Hummus is a delicious dip made from ground chickpeas and enjoyed all over the world. This recipe brings curry flavors to the Middle Eastern classic. When I stumbled across the Yotam Ottolenghi & Sami Tamimi’s Basic Hummus recipe, I loved the results. I used a similar method for this recipe but added a few ingredients to make this a hummus unlike any other.
This recipe starts with dry chickpeas which need to be soaked overnight. Don’t let this step discourage you because the results from dried chickpeas are so much smoother. The baking soda added to the cooking water greatly reduces the cook time. Your chickpeas will be ready to blend in only 20-30 minutes, with less than 5 minutes of hands on time.
Hummus is a great healthy snack to have on hand. In this recipe you get manganese, folate, and fiber from the chickpeas. Curry powder is a blend of spices many of which have many health benefits from anti-inflammatory to anti-bacterial. Coconut milk is high in iron, phosphorous, and manganese. Truly a snack you can feel great about eating.

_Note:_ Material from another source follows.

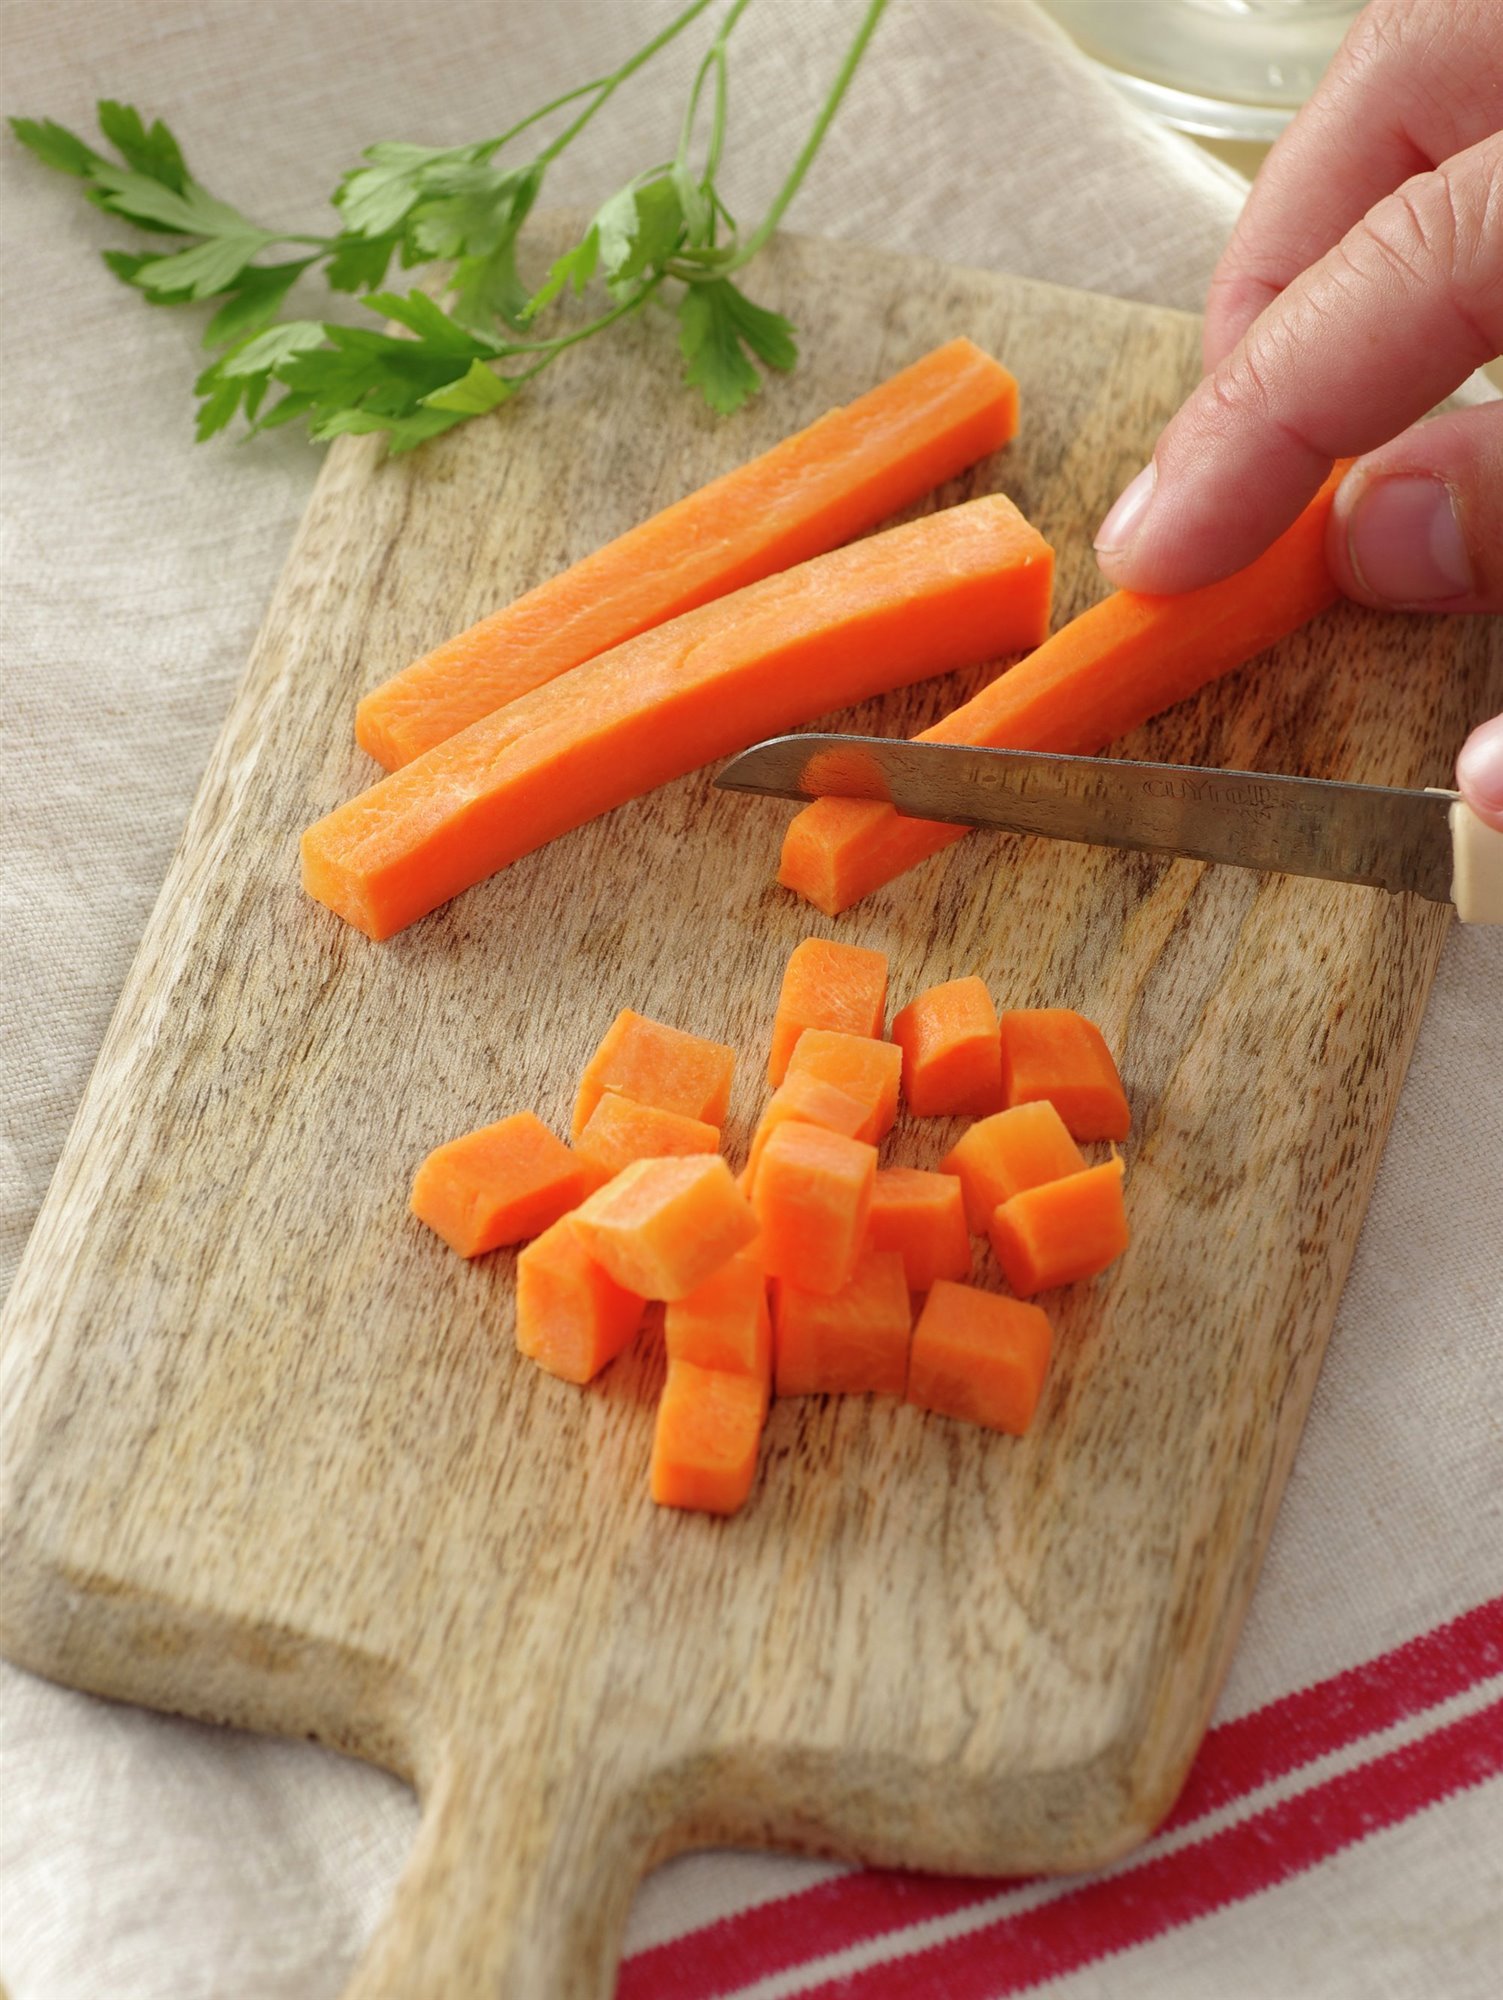 2. Corta las zanahorias a daditos

Smooth and creamy homemade hummus with a curry twist. Makes a great dip or spread!
Adapted from: Yotam Ottolenghi & Sami Tamimi's Basic Hummus
- 1/2 cup dry chickpeas, soaked for at least 12 hours
- 1/2 tsp baking soda
- 4 cups water
- 1 tbsp coconut milk
- 2 tsp curry powder
- 1/2 tsp turmeric powder
- 1 tbsp maple syrup
Once the chickpeas have soaked in water for at least 12 hours, drain them and add them to a saucepan over medium heat. Add baking soda and stir for 1 minute, then add the water.
Simmer on low. After 20 minutes, check your chickpeas. They are ready when they still hold their shape but are easily smashed with your finger. If your chickpeas aren't ready, continue cooking. This may take up to 40 minutes.
When your chickpeas are soft, drain them and add them to a food processor or blender with the coconut milk, curry powder, turmeric, and maple syrup. Blend until smooth. Enjoy right away or refrigerate for up to a week.